▶ **DATA**:
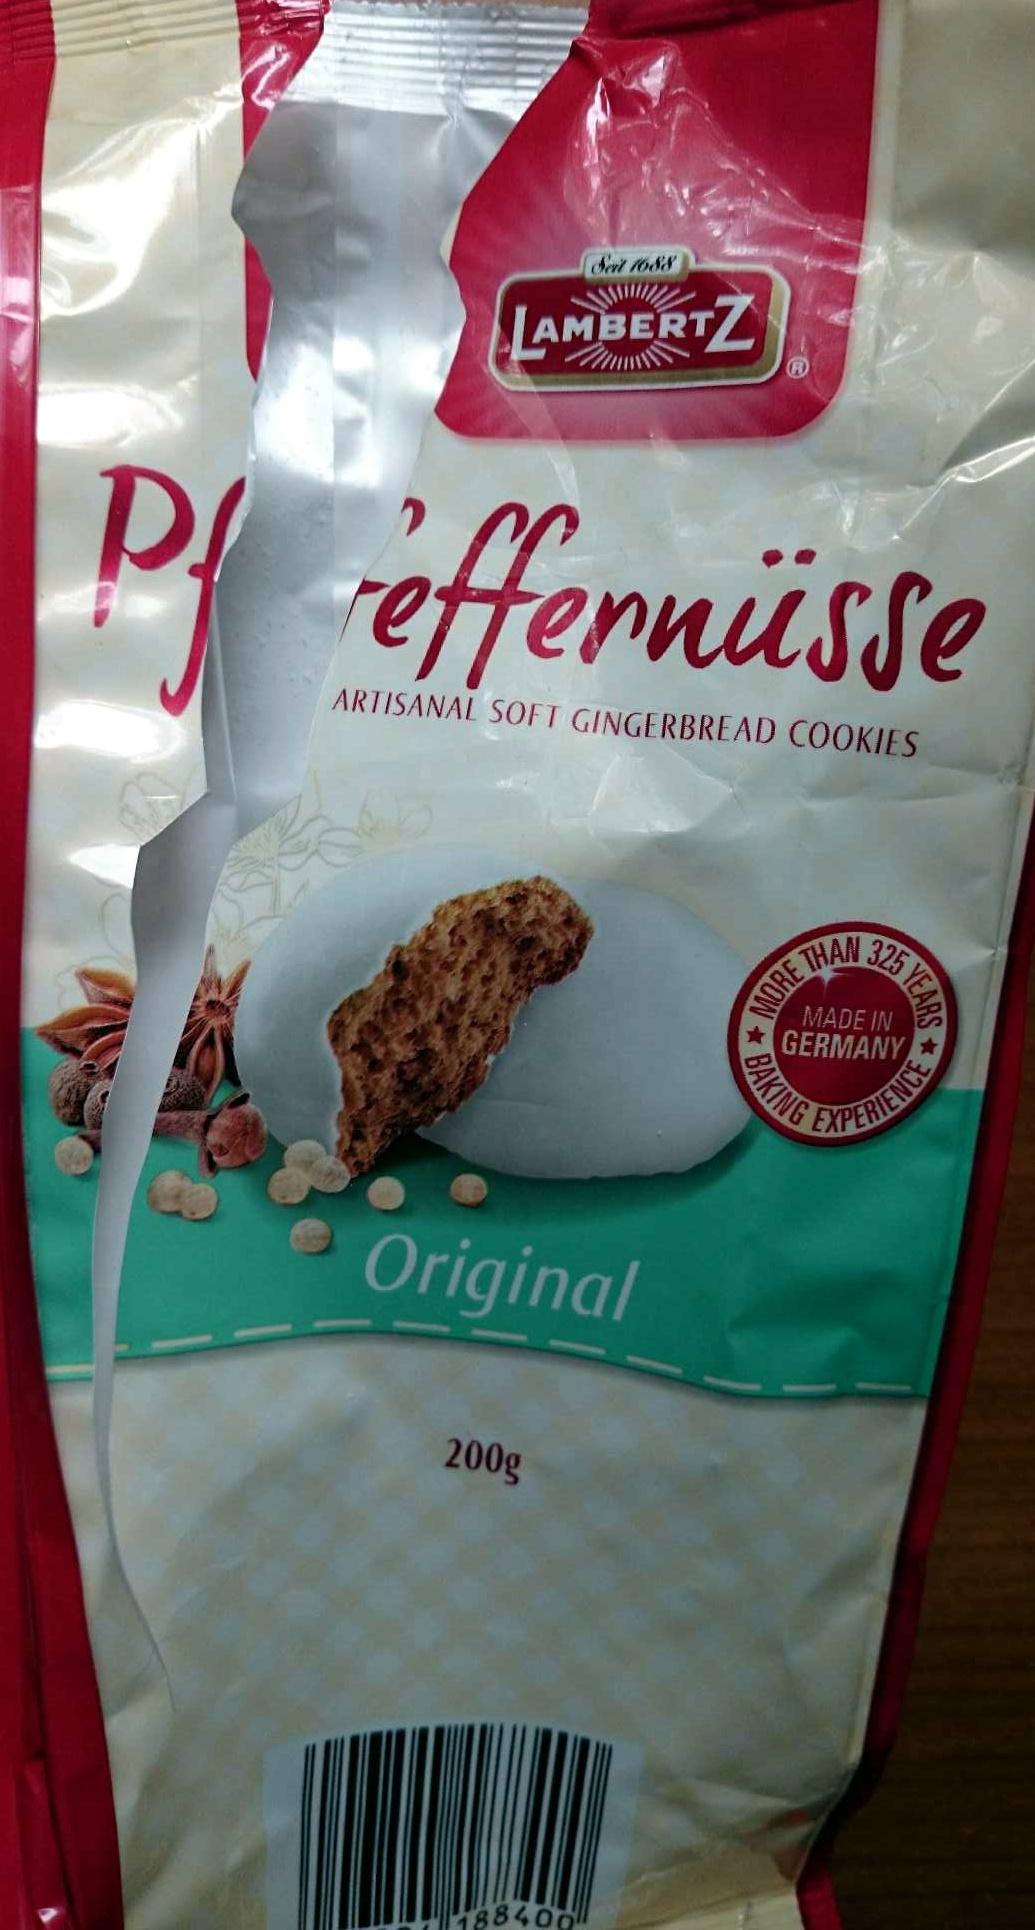 Pffefernusse Original - Product - en
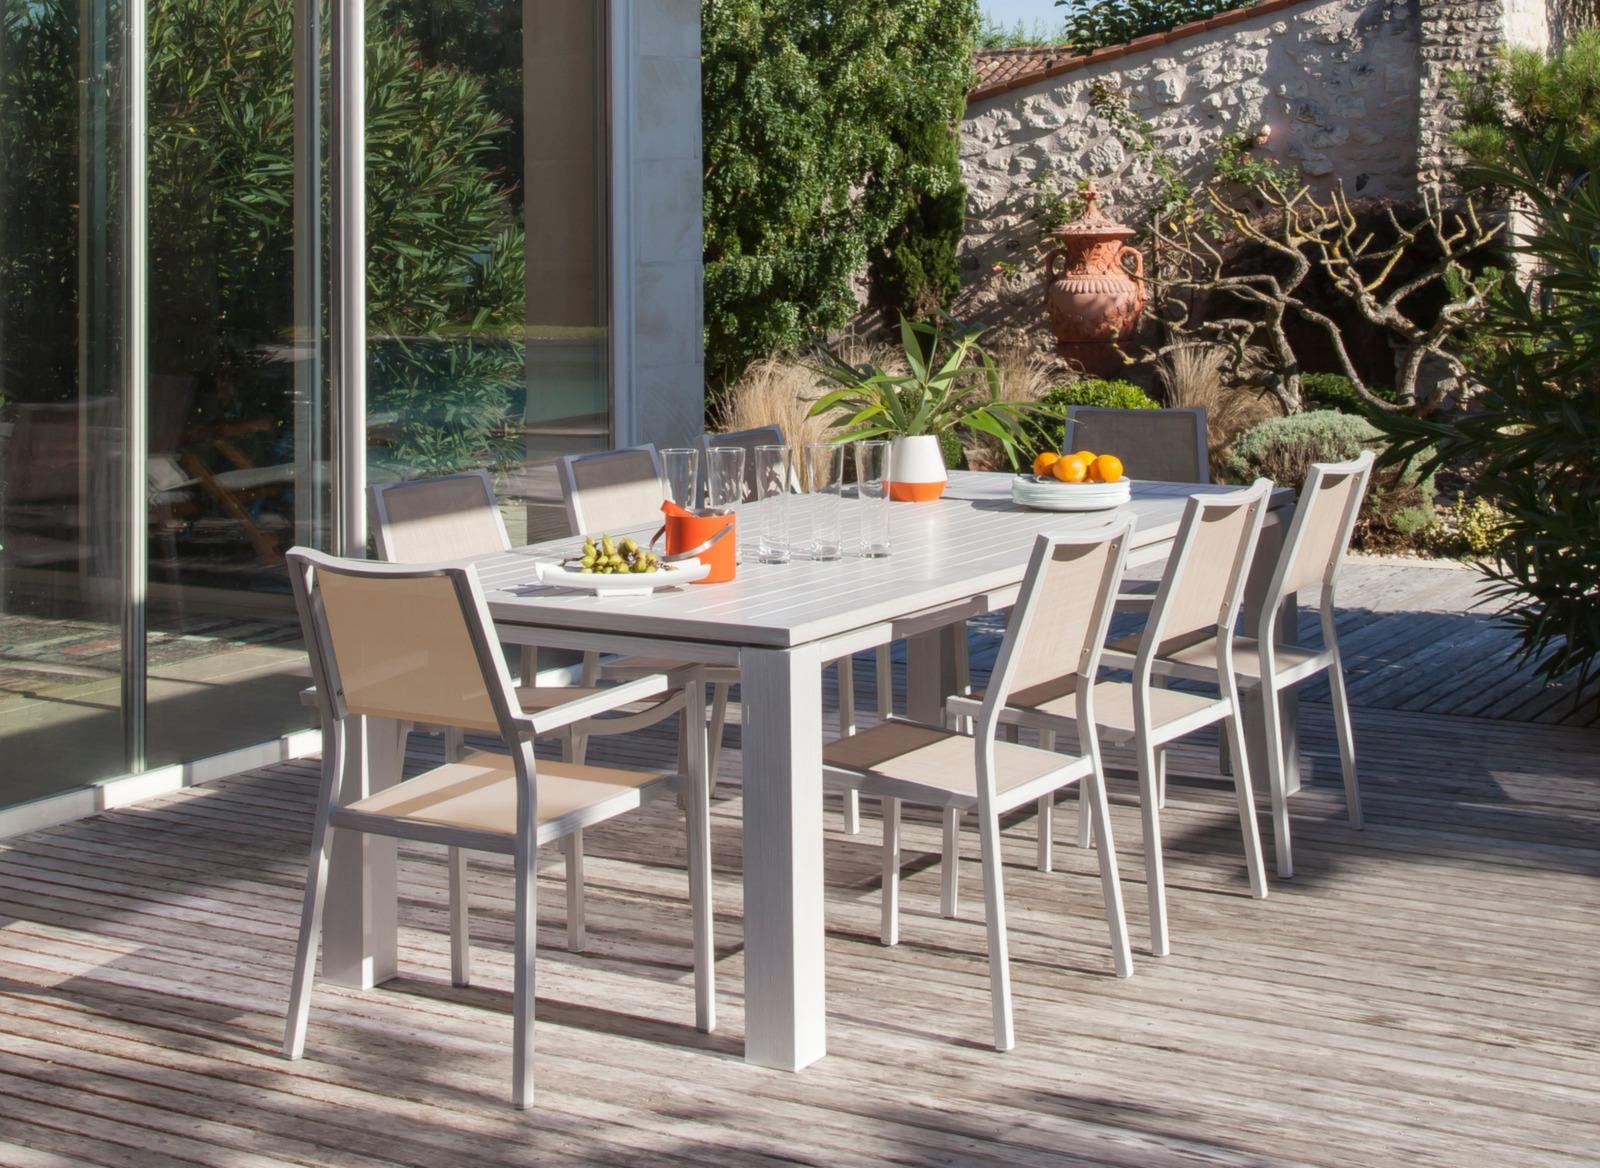 Table de jardin 240x100cm Fiero - Promotions - Proloisirs
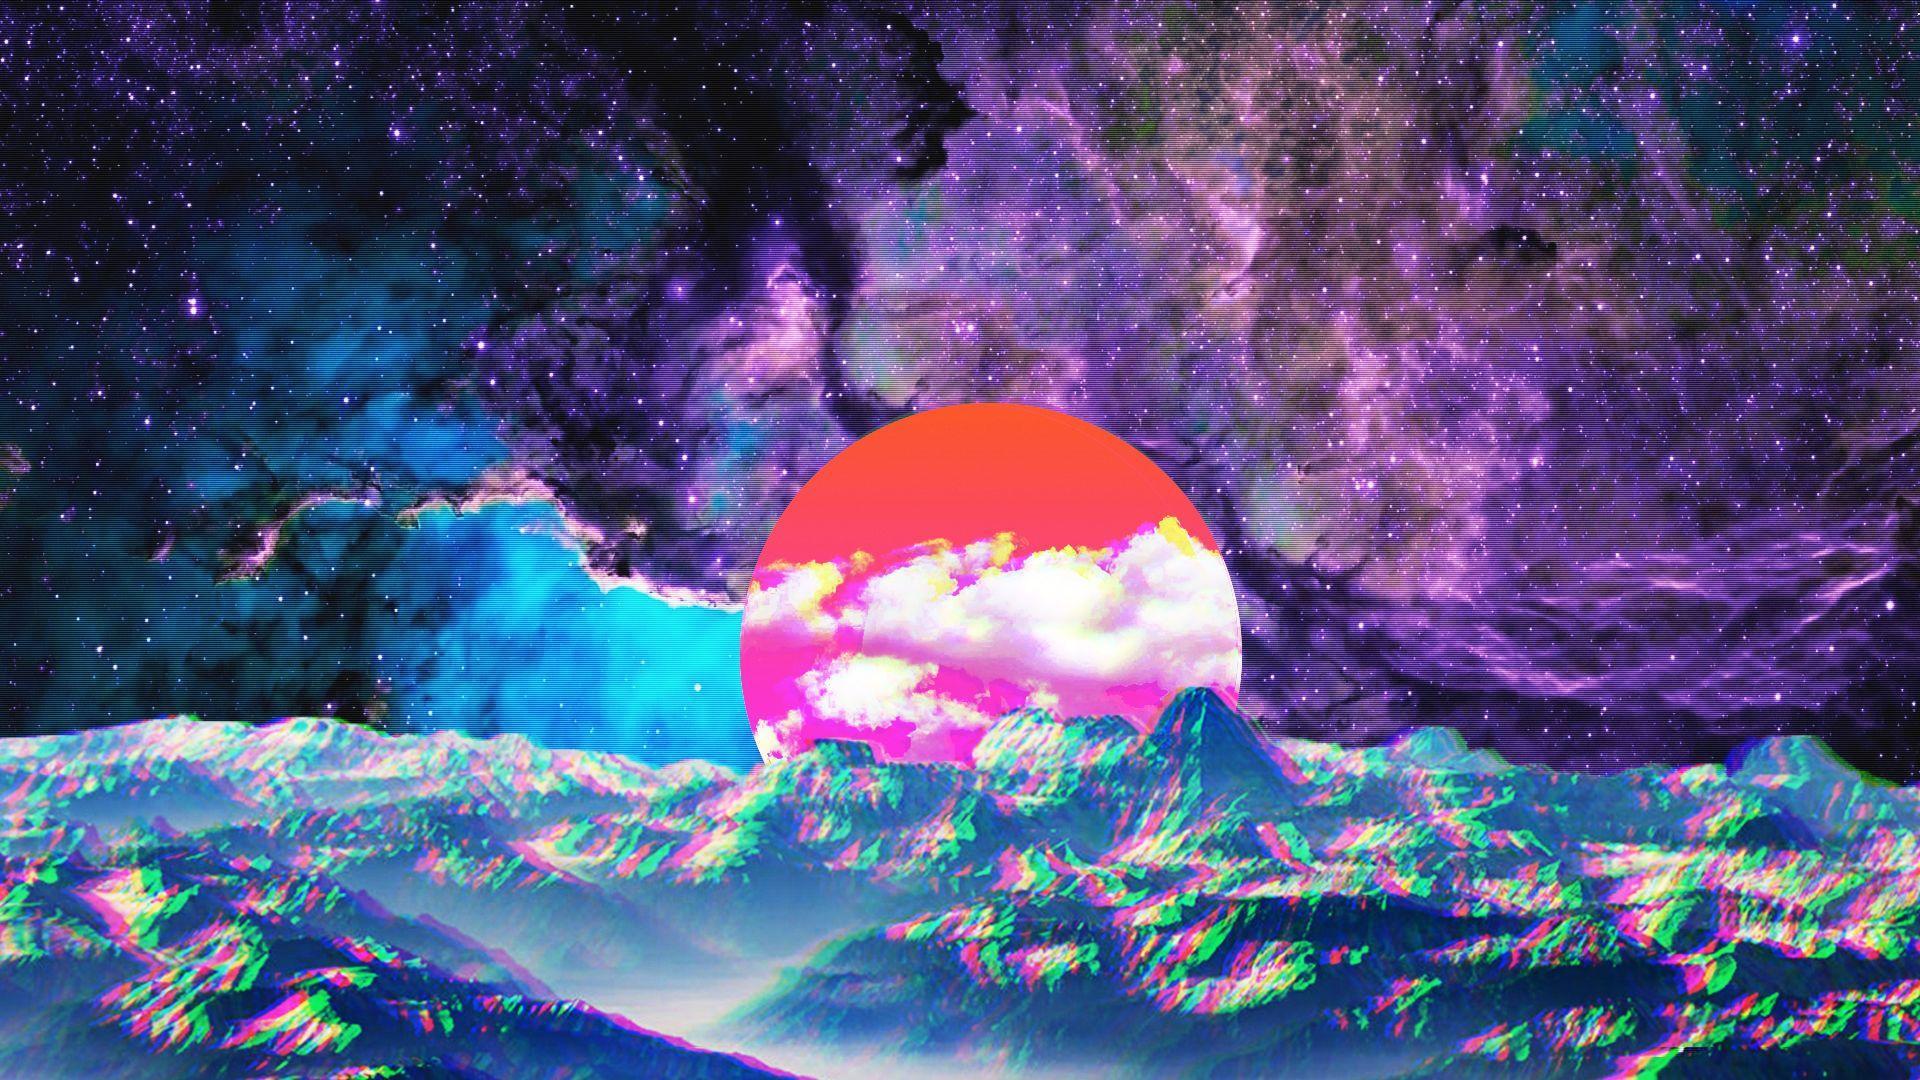 Soft Aesthetic Desktop Wallpapers Wallpaper Cave
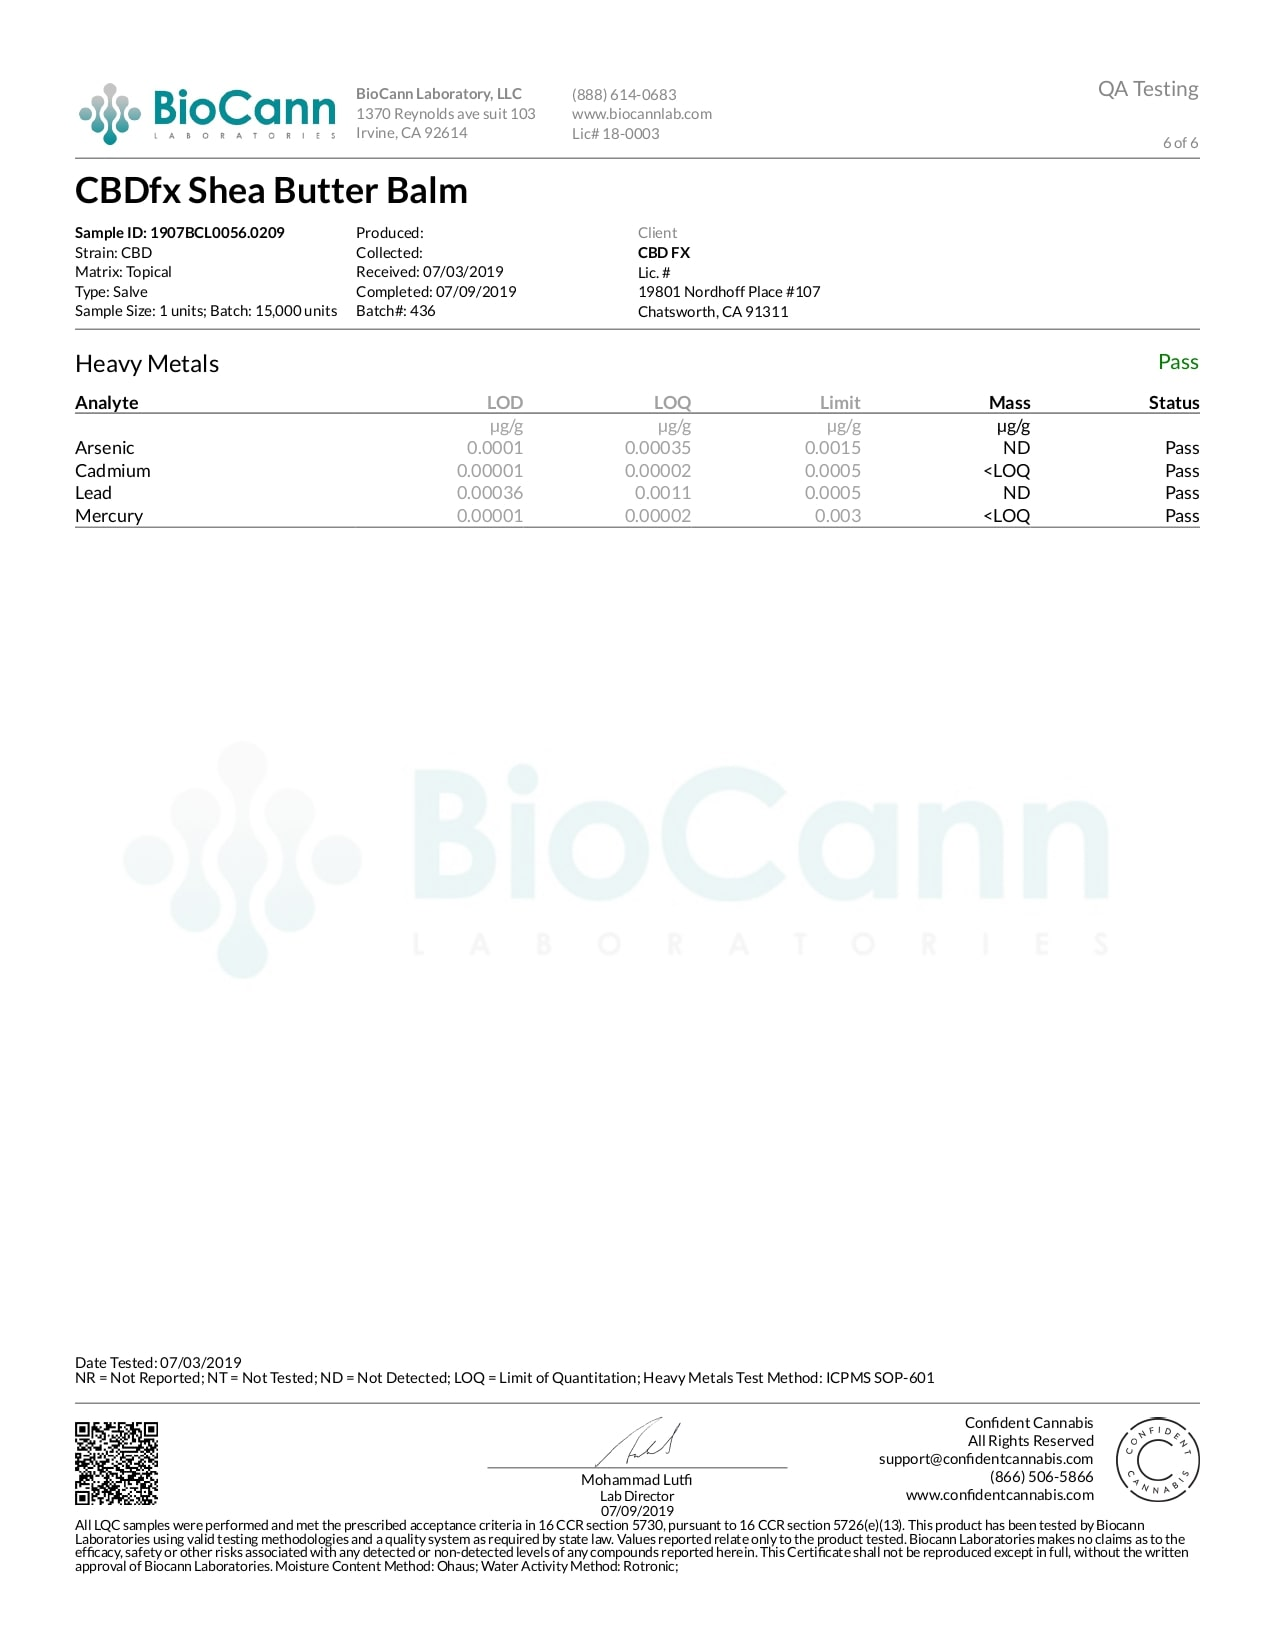 CBDfx CBD Balm Lab Report Moisturizing 150mg

▶ **PROBLEM STATEMENT**:
Every line of the listing must be reproduced exactly, though the pictures are to be left out.

▶ **REPLY TO THE EXERCISE**:
 Pffefernusse Original - Product - en
 Table de jardin 240x100cm Fiero - Promotions - Proloisirs
 Soft Aesthetic Desktop Wallpapers Wallpaper Cave
 CBDfx CBD Balm Lab Report Moisturizing 150mg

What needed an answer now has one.